Law Keeping Guns From Drug Users Gets Fifth Circuit Questioning

July 9, 2024, 7:29 PM UTC

How the US Supreme Court’s recent decision in US v. Rahimi bears on the constitutionality of a law barring drug users from possessing guns was the focus of questioning by Fifth Circuit judges Tuesday.

“How would the statute operate in a place like Colorado, which has much more liberal marijuana usage laws?” Judge Kurt D. Engelhardt asked the government. “Would the state law have any type of impact, or do we just say anybody who regularly and habitually uses marijuana in the state of Colorado would be a felon under the section?”

“If they possess a firearm, our position is the latter,” said Mahogane Denea Reed, an attorney for the government. But, Reed said, that could be taken up on an as-applied challenge and not resolved in the case before the court.

“With the benefit of Rahimi from the Supreme Court, they want us to look at this from every different point of view that we can imagine,” Engelhardt responded.

The questioning came as the US Court of Appeals for the Fifth Circuit heard oral arguments in the government’s appeal of a district court ruling that the law, Section 922(g)(3), is unconstitutional. US District Judge Kathleen Cardone’s 2023 order tossed a federal indictment against Paola Connelly on Second Amendment grounds.

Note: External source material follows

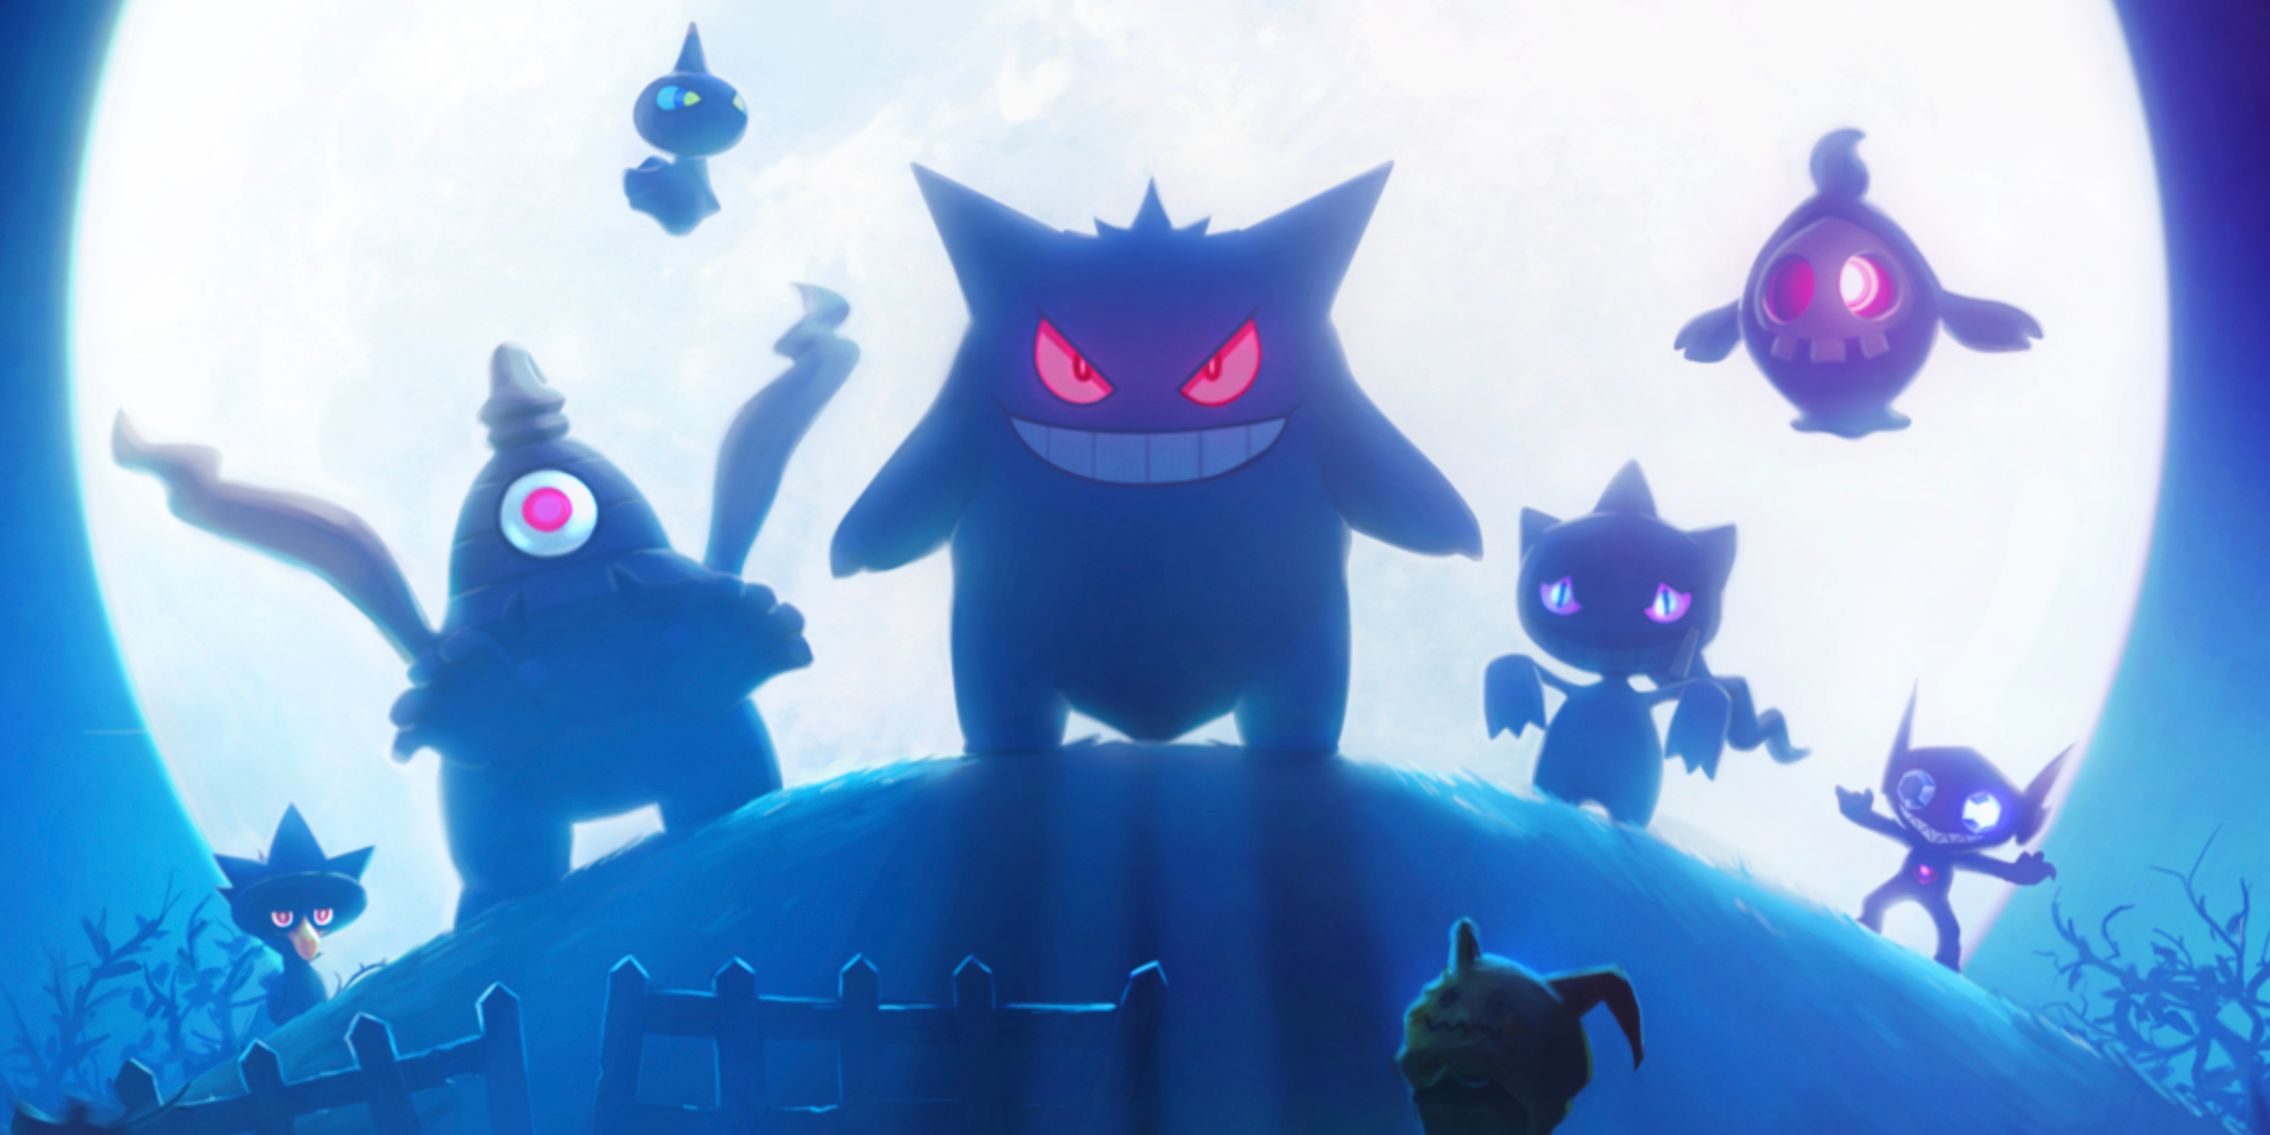 Ghost-type Pokemon stand on a hill in Pokemon GO loading screen

The Fifth Circuit’s ruling in Connelly’s case will provide insight into how courts are applying Rahimi, which upheld 8-1 a law that bars firearm possession by people under domestic-violence restraining orders.

Section 922(g)(3) has also gained political significance because it’s one of the laws Hunter Biden, son of President Joe Biden, was found guilty of violating in June. The Fifth Circuit’s ruling may also bear on a potential appeal in Hunter Biden’s case.

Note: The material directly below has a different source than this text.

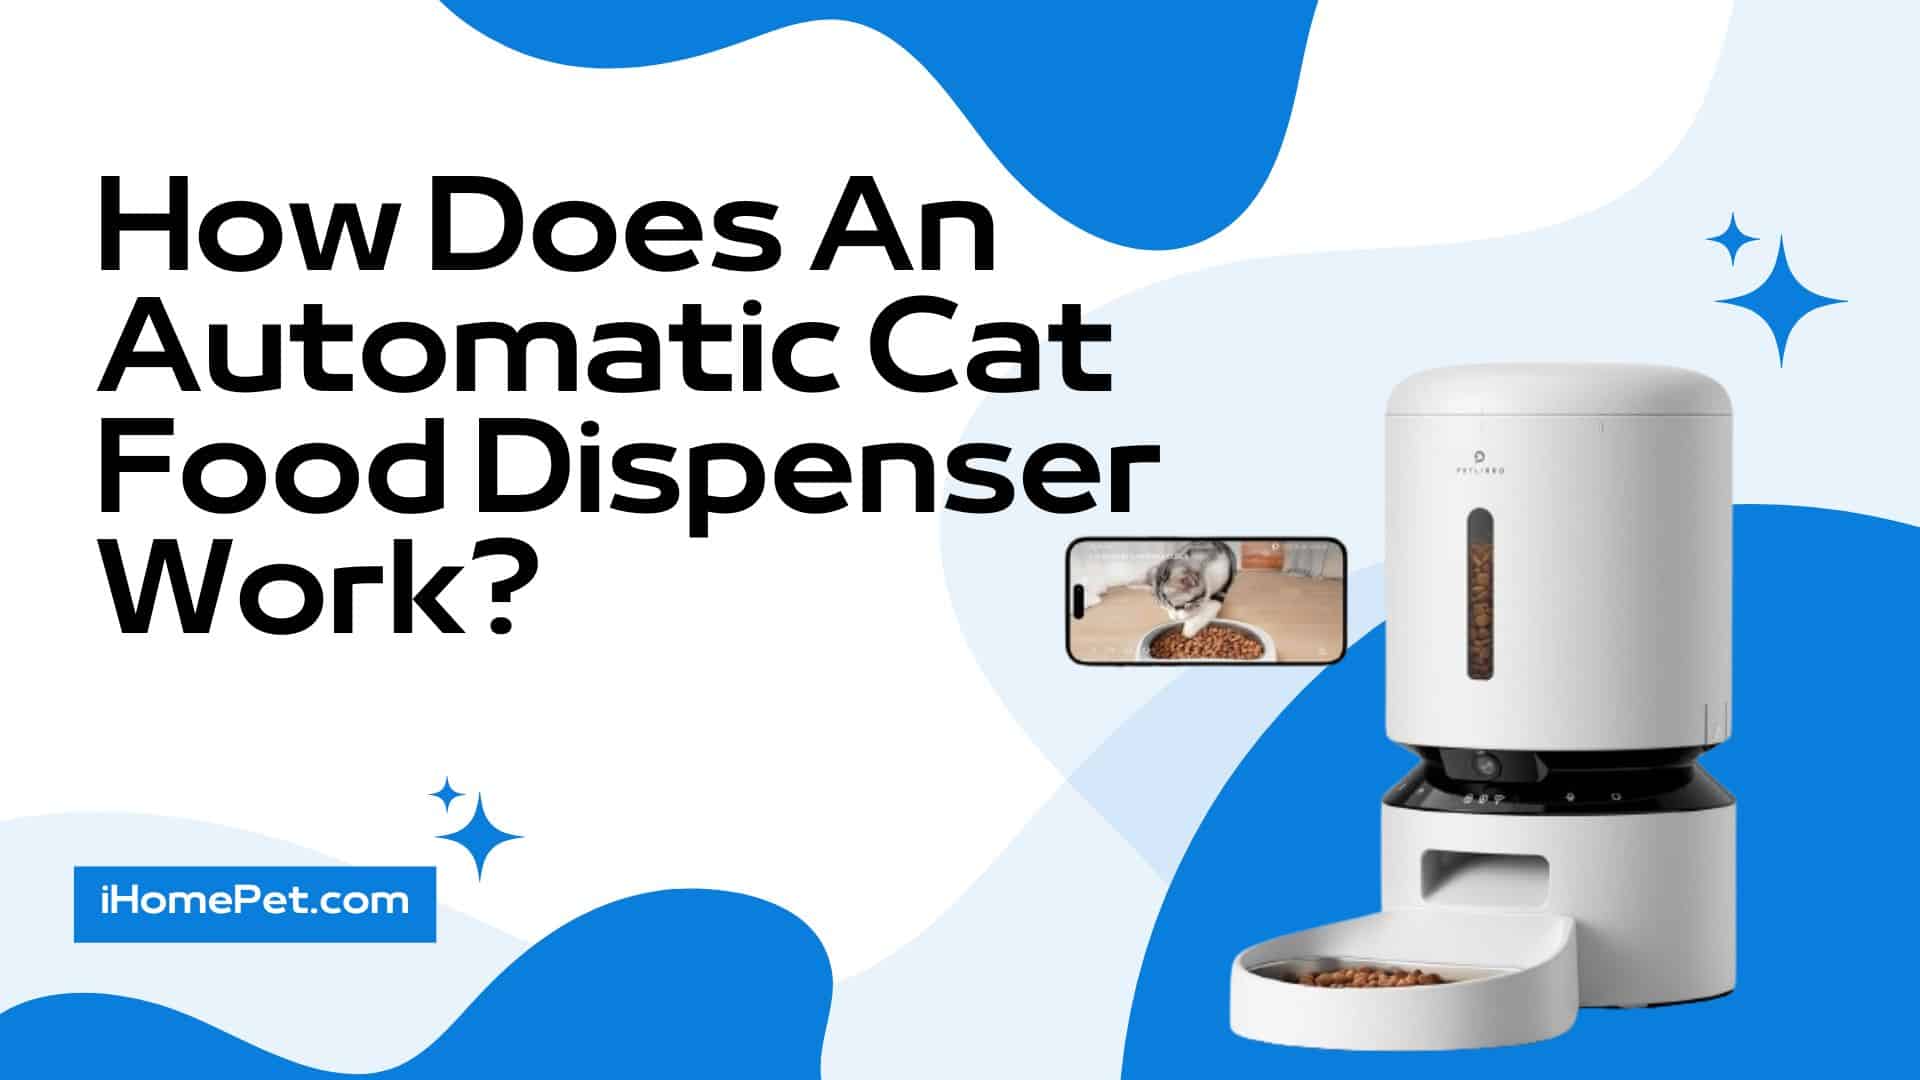 Use an automatic pet feeder for your feline friend

‘The Founding Fathers Were Not Boy Scouts’

The government argued that Cardone found the statute facially unconstitutional before Rahimi and the Fifth Circuit should now reverse. Reed pointed to language in Rahimi that the government doesn’t need to show a historical analog is an exact parallel to a modern gun law in order for the law to be constitutional.

The Rahimi decision—which reversed the Fifth Circuit— came after the high court’s 2022 Bruen decision. Bruen held that courts should look to the nation’s history of firearms regulation in determining whether a a gun law has run afoul of the Second Amendment.

The government’s analogs for 922(g)(3)—historical restrictions on gun use for intoxicated people, dangerous people, and mentally ill people—"combined justify the statute,” Reed argued.

Mary Stillinger, an attorney for Connelly, said it’s “unclear” if Cardone found the statute facially unconstitutional or just as applied to Connelly, who the government alleged was a “regular” marijuana user. The Fifth Circuit should find the statute, at minimum, unconstitutional as applied to Connelly, Stillinger said.

“The facts of Ms. Connelly’s case present the most innocuous gun possession — possession of a gun in one’s home, and the most innocuous drug usage I’d say, usage of marijuana in one’s home,” Stillinger argued. “It’s hard to imagine any facts more deserving of an unconstitutional as-applied challenge.”

Even under Rahimi, the government hasn’t provided sufficient historical precedents to uphold the statute, Stillinger also argued, noting there aren’t similar Founding-era restrictions.

“The Founding Fathers were not Boy Scouts,” Stillinger said. Despite heavy drinking at the time, “there was no regulation on people intoxicated with alcohol owning firearms in their homes.”

Divided Courts

Hanging over Tuesday’s arguments is United States v. Daniels, a case where the Fifth Circuit tossed a Section 922(g)(3) charge as unconstitutionally applied to a marijuana user. The US Supreme Court in July vacated that decision and remanded it to the Fifth Circuit for reconsideration in light of Rahimi.

Englehardt said he’s still “trying to fit the rationale of Daniels under Rahimi. That seems to be the task we have before us, is to reconcile those two.”

Asked if the Fifth Circuit should decide Daniels before Connelly, both sides said no.

The government argued the cases were different because Connelly presents a facial challenge to the statute while Daniels is an as-applied challenge.

Stillinger argued the Supreme Court’s vacatur of Daniels doesn’t mean it was incorrectly decided and it should still guide the court. “All the Second Amendment cases” were sent back for reconsideration in light of Rahimi “whichever way they went,” Stillinger said. “So I don’t think the fact that it was sent back is any comment on the Supreme Court’s feeling about Daniels.”

Section 922(g)(3) has divided federal courts. But no federal appeals court so far has struck down the gun ban for drug users as facially unconstitutional.

The US Court of Appeals for the Eighth Circuit in April rejected a constitutional challenge to the law, but left the door open for the charge to be dismissed in other cases.

Judges Jerry E. Smith and Irma Carrillo Ramirez were also on the panel.

Stillinger & Godinez PLLC represents Connelly.

The case is United States v. Connelly, 5th Cir., No. 23-50312, oral argument 7/9/24.